• [RECORDS PROVIDED]:

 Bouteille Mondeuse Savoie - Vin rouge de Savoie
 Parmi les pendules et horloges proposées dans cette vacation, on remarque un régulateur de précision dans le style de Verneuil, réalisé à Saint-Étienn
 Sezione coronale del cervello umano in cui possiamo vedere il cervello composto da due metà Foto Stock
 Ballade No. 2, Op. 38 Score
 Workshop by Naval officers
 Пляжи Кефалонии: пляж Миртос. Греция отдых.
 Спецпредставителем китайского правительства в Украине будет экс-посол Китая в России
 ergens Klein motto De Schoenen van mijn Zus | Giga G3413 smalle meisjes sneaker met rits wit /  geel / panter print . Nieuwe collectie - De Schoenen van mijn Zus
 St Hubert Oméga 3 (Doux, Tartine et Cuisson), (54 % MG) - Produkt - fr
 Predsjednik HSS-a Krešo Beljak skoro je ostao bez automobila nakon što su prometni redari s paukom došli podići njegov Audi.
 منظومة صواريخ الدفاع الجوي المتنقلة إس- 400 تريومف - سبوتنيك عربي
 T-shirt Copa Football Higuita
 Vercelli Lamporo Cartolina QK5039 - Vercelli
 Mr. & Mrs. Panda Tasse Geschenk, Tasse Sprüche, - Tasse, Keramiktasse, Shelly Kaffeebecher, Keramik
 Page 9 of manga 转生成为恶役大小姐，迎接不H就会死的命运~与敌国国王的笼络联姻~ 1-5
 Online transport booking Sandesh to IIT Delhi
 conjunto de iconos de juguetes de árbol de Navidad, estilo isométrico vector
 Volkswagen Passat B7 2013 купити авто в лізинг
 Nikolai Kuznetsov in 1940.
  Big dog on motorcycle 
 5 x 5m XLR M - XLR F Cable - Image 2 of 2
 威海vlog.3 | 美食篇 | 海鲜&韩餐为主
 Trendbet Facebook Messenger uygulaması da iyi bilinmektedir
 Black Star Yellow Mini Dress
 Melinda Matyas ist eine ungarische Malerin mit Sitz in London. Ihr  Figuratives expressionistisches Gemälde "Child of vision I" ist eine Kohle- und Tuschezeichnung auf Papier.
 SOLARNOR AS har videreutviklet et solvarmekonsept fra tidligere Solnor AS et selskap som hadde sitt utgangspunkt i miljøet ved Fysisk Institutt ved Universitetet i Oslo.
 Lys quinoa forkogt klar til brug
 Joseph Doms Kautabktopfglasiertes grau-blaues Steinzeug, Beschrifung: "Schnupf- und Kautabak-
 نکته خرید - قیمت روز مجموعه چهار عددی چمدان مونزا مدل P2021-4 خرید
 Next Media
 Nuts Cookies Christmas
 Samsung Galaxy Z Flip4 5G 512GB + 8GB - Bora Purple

• [TASK OBJECTIVE]:
All records are to be written out exactly.

• [SOLUTION TO THIS EXERCISE]:
 Bouteille Mondeuse Savoie - Vin rouge de Savoie
 Parmi les pendules et horloges proposées dans cette vacation, on remarque un régulateur de précision dans le style de Verneuil, réalisé à Saint-Étienn
 Sezione coronale del cervello umano in cui possiamo vedere il cervello composto da due metà Foto Stock
 Ballade No. 2, Op. 38 Score
 Workshop by Naval officers
 Пляжи Кефалонии: пляж Миртос. Греция отдых.
 Спецпредставителем китайского правительства в Украине будет экс-посол Китая в России
 ergens Klein motto De Schoenen van mijn Zus | Giga G3413 smalle meisjes sneaker met rits wit /  geel / panter print . Nieuwe collectie - De Schoenen van mijn Zus
 St Hubert Oméga 3 (Doux, Tartine et Cuisson), (54 % MG) - Produkt - fr
 Predsjednik HSS-a Krešo Beljak skoro je ostao bez automobila nakon što su prometni redari s paukom došli podići njegov Audi.
 منظومة صواريخ الدفاع الجوي المتنقلة إس- 400 تريومف - سبوتنيك عربي
 T-shirt Copa Football Higuita
 Vercelli Lamporo Cartolina QK5039 - Vercelli
 Mr. & Mrs. Panda Tasse Geschenk, Tasse Sprüche, - Tasse, Keramiktasse, Shelly Kaffeebecher, Keramik
 Page 9 of manga 转生成为恶役大小姐，迎接不H就会死的命运~与敌国国王的笼络联姻~ 1-5
 Online transport booking Sandesh to IIT Delhi
 conjunto de iconos de juguetes de árbol de Navidad, estilo isométrico vector
 Volkswagen Passat B7 2013 купити авто в лізинг
 Nikolai Kuznetsov in 1940.
  Big dog on motorcycle 
 5 x 5m XLR M - XLR F Cable - Image 2 of 2
 威海vlog.3 | 美食篇 | 海鲜&韩餐为主
 Trendbet Facebook Messenger uygulaması da iyi bilinmektedir
 Black Star Yellow Mini Dress
 Melinda Matyas ist eine ungarische Malerin mit Sitz in London. Ihr  Figuratives expressionistisches Gemälde "Child of vision I" ist eine Kohle- und Tuschezeichnung auf Papier.
 SOLARNOR AS har videreutviklet et solvarmekonsept fra tidligere Solnor AS et selskap som hadde sitt utgangspunkt i miljøet ved Fysisk Institutt ved Universitetet i Oslo.
 Lys quinoa forkogt klar til brug
 Joseph Doms Kautabktopfglasiertes grau-blaues Steinzeug, Beschrifung: "Schnupf- und Kautabak-
 نکته خرید - قیمت روز مجموعه چهار عددی چمدان مونزا مدل P2021-4 خرید
 Next Media
 Nuts Cookies Christmas
 Samsung Galaxy Z Flip4 5G 512GB + 8GB - Bora Purple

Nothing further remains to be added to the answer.